25

Адвокату не давало покоя, что допрос принял слишком личный оборот. Судья могла прямо показать, что враждебно настроена по отношению к Кэти? Кому понравится, когда убийцы — из одного с нами мира, и что еще хуже, одного пола: выставляя себя на показ, они выставляют наши скрытые раны. С женщинами адвокат всегда опасался такого рода столкновений, как будто они в один прекрасный момент обязательно начнут копаться в застарелой личной обиде, не доведенное до конца дело с матерью, сестрами, дочерьми. Что в Кэти такого, что так выводило из себя судью? Почему она так презирала эту обычную женщину с порядочной судьбой? «Если бы еще из-за любовника, я бы поняла, — бросила она в порыве, — но из-за мужа…». Что такого могла она ей противопоставить из своей собственной судьбы в потоке зла, с которым они все боролись, адвокаты, судья, психиатры, в лавине лжи, несчастья, мнимых страхов? Чтобы подняться в глазах судьи, нужно отказаться от брака по плану и жизни по распорядку, и посвятить себя правому делу, как певцы, которые выходят на сцену только во имя борьбы со СПИДом, голодом, войной? Что такого сделала эта женщина, стремясь спрятаться от мирового зла?

— Вы действительно не читаете, не слушаете музыку? — продолжала судья.

Кэти сторонилась музыки, равно как и других источников эмоций. Она бы не хотела испытать боль, разочарование ради чего-то не существующего. Она считает, что вызывать чувства впустую не хорошо потому, что нечем будет защититься в момент реального несчастья. Она не хочет ни развлекаться, ни веселиться.
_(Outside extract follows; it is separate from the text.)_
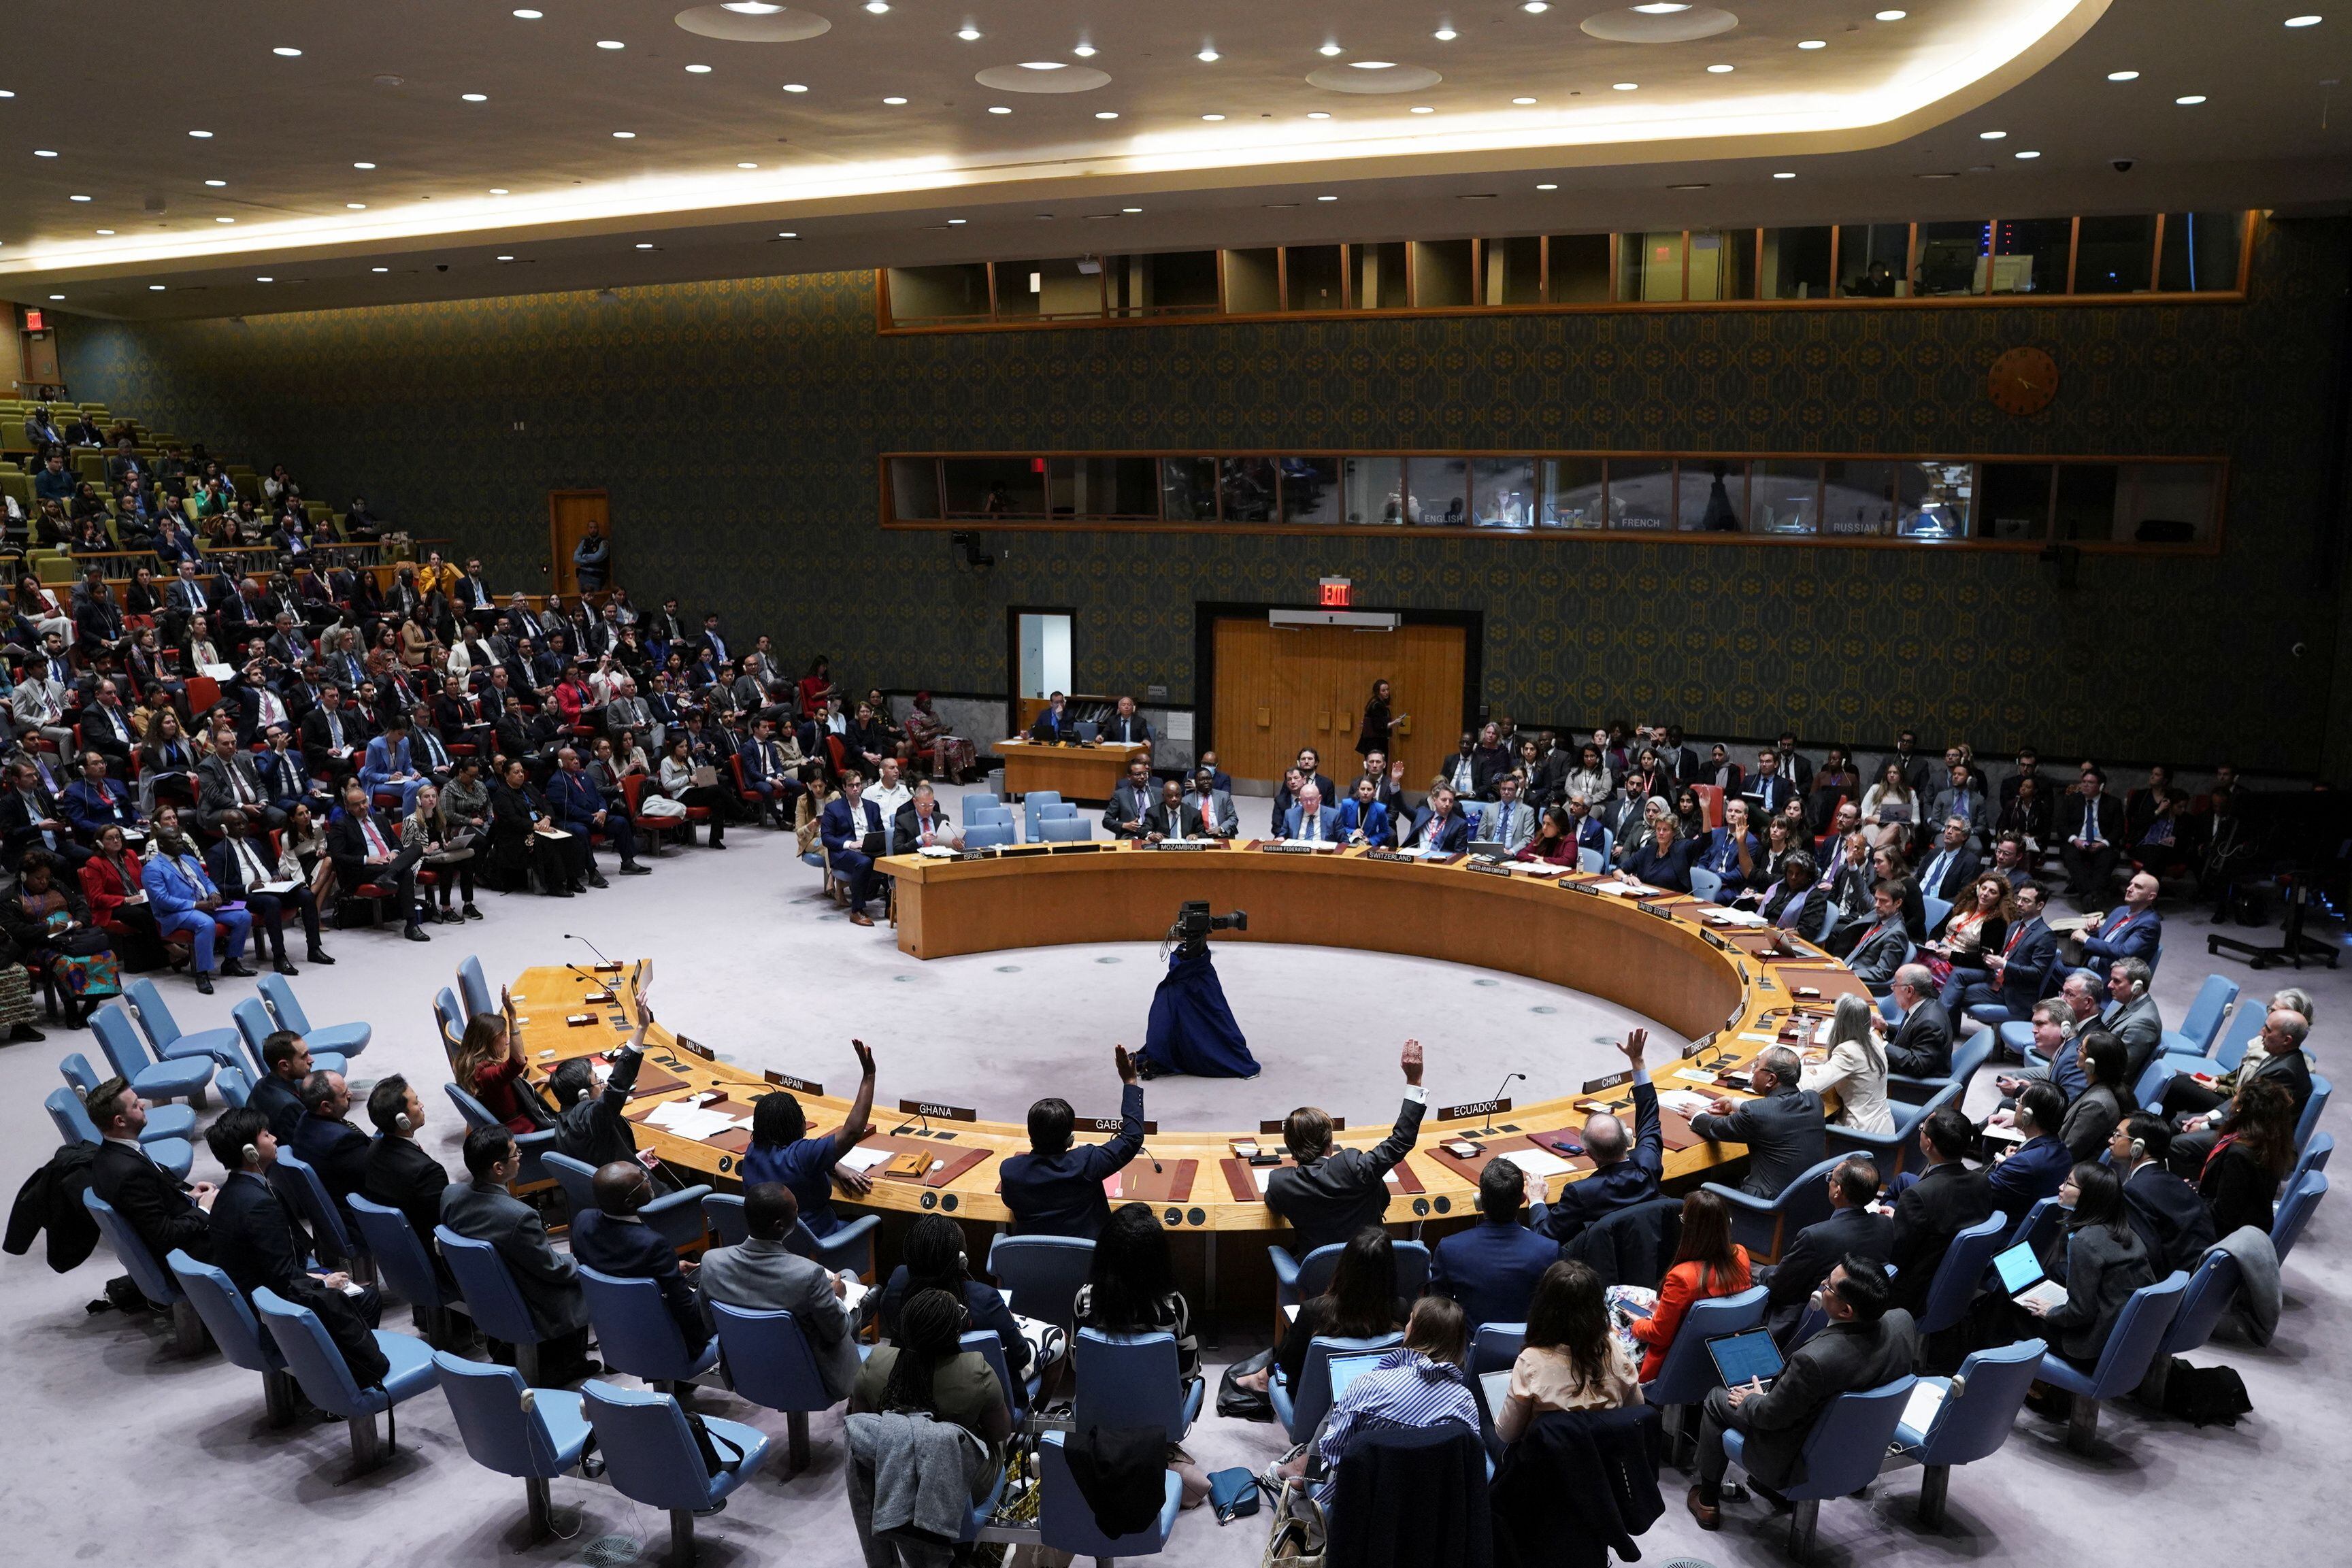 유엔 안전보장이사회는 15일(현지 시각) 회의를 열고 이스라엘-팔레스타인 문제와 관련한 결의안을 채택했다고 밝혔다.
/연합뉴스

Стремится заниматься только конструктивными делами, которые придают сил — теряется, ищет в глазах судьи помощь, которой нет, — спорт, например, — она считает, что спорт — занятие, основанное на консенсусе, или природа — природа — это хорошо, с этим никто не поспорит, даже судья. Или…

Адвокат попросил, чтобы допрос был завершен, тем более что таковым давно уже не являлся. Все с самого начала плохо сложилось для Кэти, нужно было срочно что-то предпринять. В коридоре он подождал, пока судья выйдет из кабинета и пошел за ней. Чересчур короткое платье и высокие каблуки. Он поймал себя на мысли, что она одевается, как в двадцать лет, как тогда, когда он поцеловал ее в кустах роз рядом с юрфаком, где он целовался со всеми однокурсницами на память.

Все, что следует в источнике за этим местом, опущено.